Complete Binary Trees cannot become Perfect Binary Trees, but Perfect Binary Trees can be called Complete Binary Trees.
Binary Search Tree
Binary Search Tree is a binary tree. But it has a more detailed definition.
- 1) If not empty, all nodes have different values (Keys).
- 2) Values included in the left subtree, if they exist, always have values smaller than the root’s value.
- 3) Values included in the right subtree, if they exist, always have values larger than the root’s value.
- 4) Left and right subtrees must each be another Binary Search Tree structure with root nodes.
Insertion and Deletion of Binary Search Tree
Examining operations of inserting new nodes into Binary Search Tree or deleting specific nodes:
Insertion Operation
Insertion Operation requires a process of searching for where new nodes will be located.
- 1-1) If the root node has no value, the tree doesn’t exist, so put it in the root.
- 1-2) If the root has a value and the value to insert is smaller than the root, search left.
- 1-3) If the root has a value and the value to insert is larger than the root, search right.
- 2) When proceeding with search in that direction, if there’s no value at the search location, add a node at that location.
Deletion Operation
Deletion Operation is a bit trickier than insertion operations. It needs to be distinguished according to characteristics of nodes to delete.
- 1) First, start search comparing the value of the node to delete from the root.
- 1-1) If the value of the node to delete is smaller than the root, search left and change the current pointer to the left node.
- 1-2) If the value of the node to delete is larger than the root, search right and change the current pointer to the right node.
- 2-1) When the node to delete is a leaf node
- 2-1-1) If the deletion target is a leaf node and is the parent node’s left child node, make the parent node’s left child NULL.
- 2-1-2) If the deletion target is a leaf node and is the parent node’s right child node, make the parent node’s right child NULL.
- 2-2) When the node to delete has only one child node
- 2-2-1) If it only has a right child node, attach its right child node to the deletion target node’s parent.
- 2-2-2) If it only has a left child node, attach its left child node to the deletion target node’s parent.
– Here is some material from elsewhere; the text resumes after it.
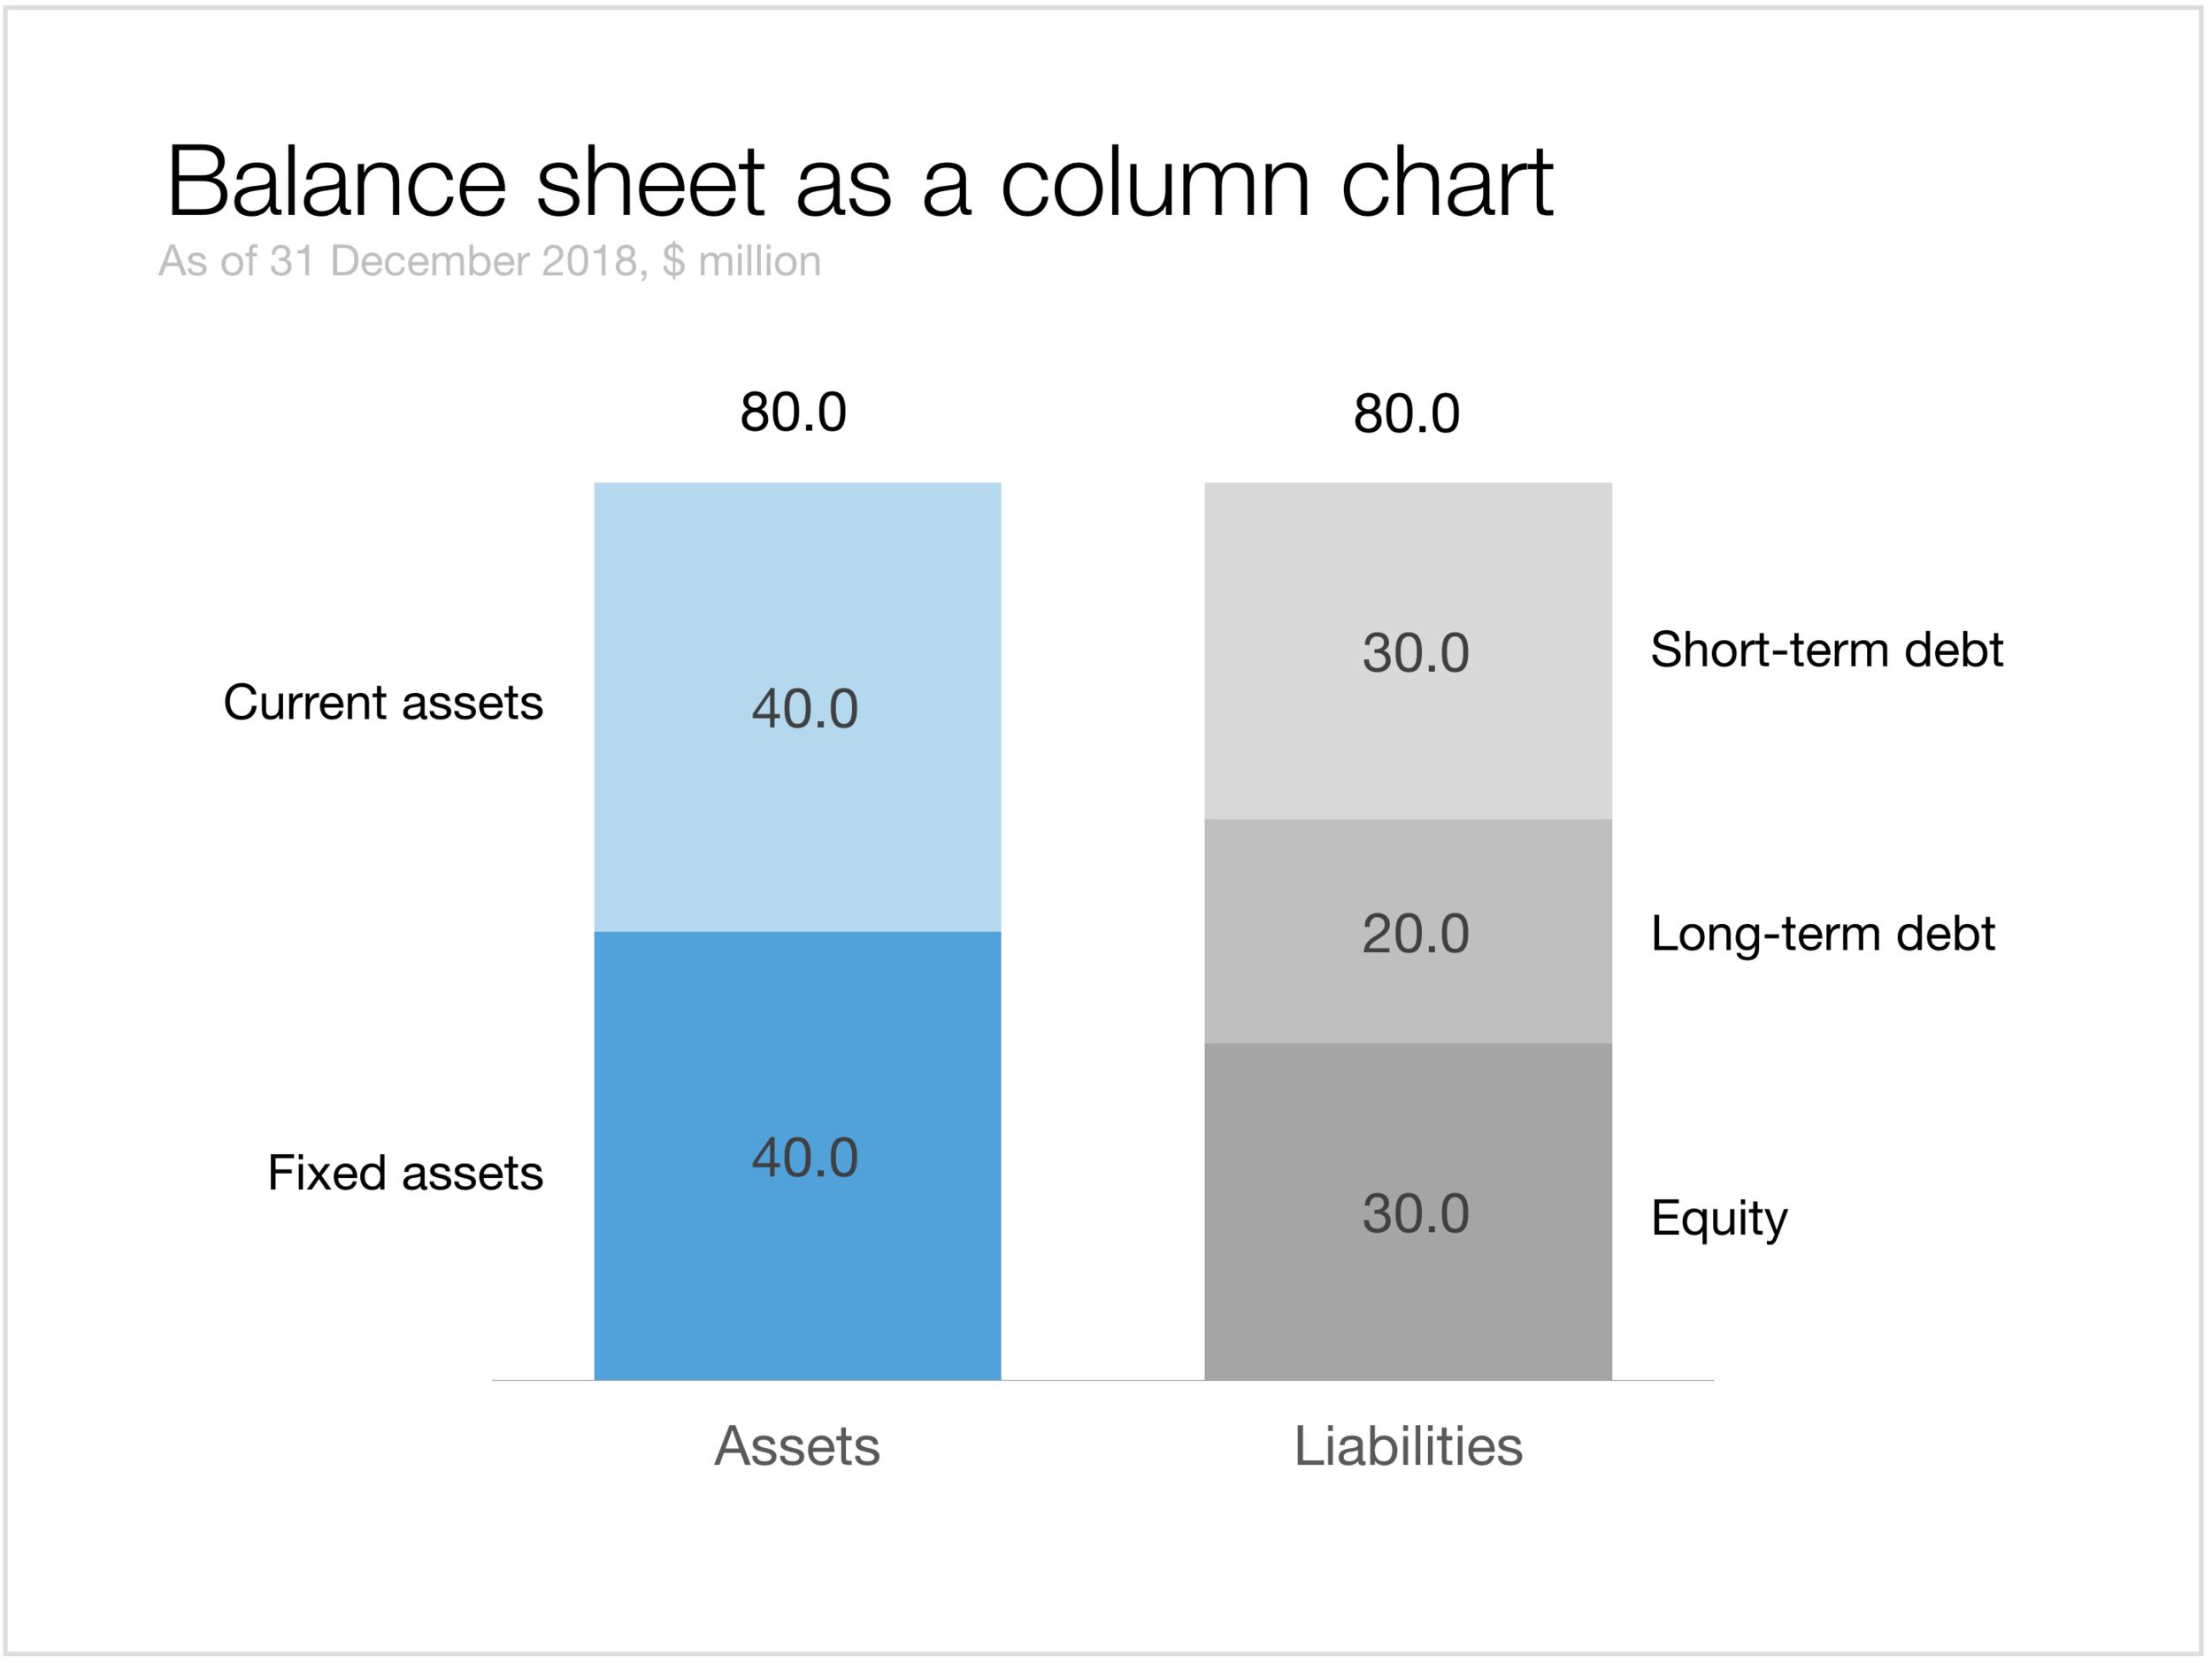 241K - Balance sheet as a column chart in Keynote.png

- 2-3) When the node to delete has all child nodes
- 2-3-1) Must select a value most similar to the node to be deleted. This way, Binary Search Tree is maintained without moving other nodes.
- 2-4-1) Select the largest value in the deletion target’s left subtree.
- 2-4-2) Select the smallest value in the deletion target’s right subtree.
Search of Binary Search Tree
Search refers to visiting all nodes of a binary tree. Representative search methods include pre-order, post-order, and in-order.
- Pre-order Search : Visits in order of my node, left child node, right child node.
- Post-order Search : Visits in order of left child node, right child node, my node.
- In-order Search : Visits in order of left child node, my node, right child node.
In Summary
In this post, we learned about Binary Search Tree. In the following post, we learn about methods for implementing Binary Search Tree.